As you stand there and look at that place, you wonder at how anonymous it actually looks, that place.

Friday, May 21, 2010

Cuts both ways

I recently read MMs post here on the judgement SAHMs face and my comment ended up being too long so it is coming up as this post -

I think it it cuts both ways. I see plenty of SAHMs that tend to have a sanctimonious attitude when they talk to and of working mothers "I don't know - my family is so important to me that I could never leave them and go out to work". "I could never leave my child the way you do and go somewhere outside to work". Err, I think that a majority of mothers anywhere in the world would place their family and children on the top of their important list, working or not. WHy then do I have to hear statements that imply that by choosing to work, I have somehow brought down my family's importance in my life? That I choose to add something to my list of what is important in my life (in this case, me, namely because I don't need to work for the money but for the rush I feel from working))?. A lot of SAHMs behave like they have martyred themselves to the cause of raising their babies, especially when they sound defensive and qualify their choice with how important their family is to them and how they have placed their children over their selves. Plenty of SAHMs go to a gym, go shopping, get on the telephone with their chums everyday - arent they choosing a few minutes or an hour or two for themselves during those times? That is their "me time", granted. My "me time" takes up more time in a day than their "me time". So what?

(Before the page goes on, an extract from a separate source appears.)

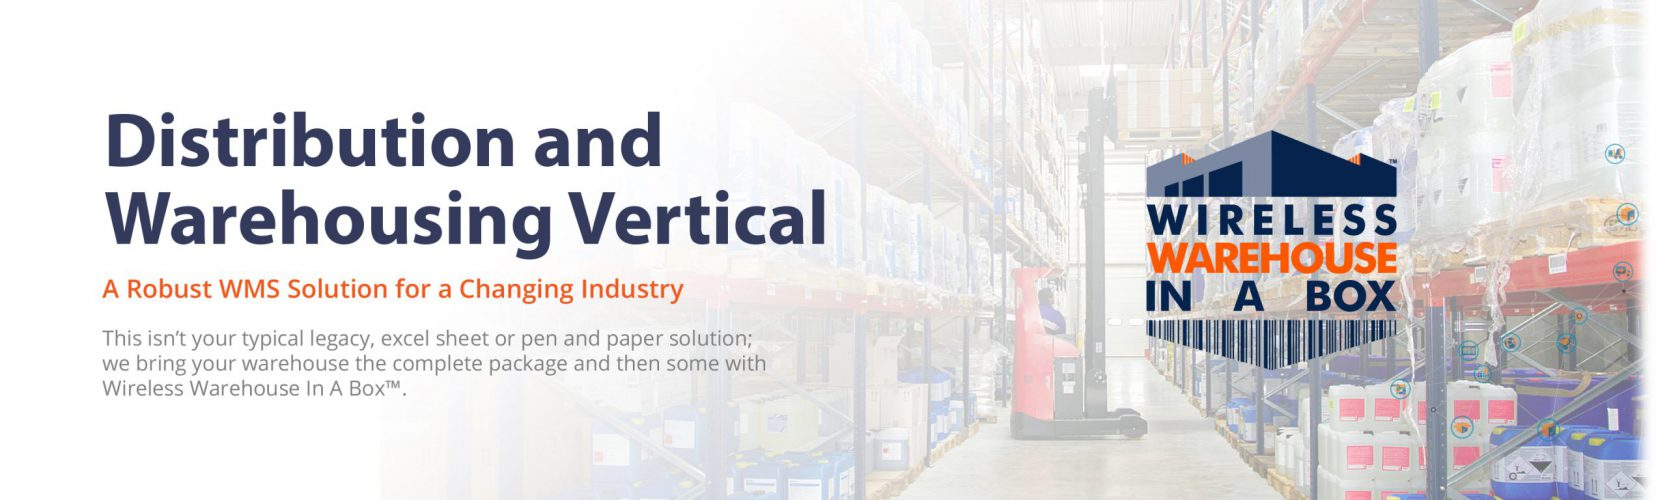 Distribution_Warehousing_Header_Content

The bottom line is this - each of us have to be at peace within ourselves for the choices we have made. For the longest time, statements like the ones above made me feel less of a mom somehow, that somehow I was committing a crime for leaving my children under someone else's care. As time (and a short 3 month stint at home) went by though I realized this - you do what you have to to be in a happy place deep inside. The happy place changes, what makes you happy changes but only you can judge what that is - you only need to be flexible enough to recognize that and move with the flow. Something that another mother does is not necessarily one that puts you in your happy place. As your kids grow and mature, their needs increase in certain areas and decrease in others and as a mother, you instinctively recognize the increased pockets of need and step in while pulling away from other places where they don't need you anymore or need you less (and I believe that pulling away is as important as stepping in). As more and more mothers choose to either join or leave the workplace, we have to recognize that it is OUR" choice and cease to make excuses for making them, other people be damned! Nobody else walks in my uniquely fitting shoes and nobody else is qualified to make a pronouncement on how those shoes pinch their feet, whether I am an SAHM or a work outside the home mom!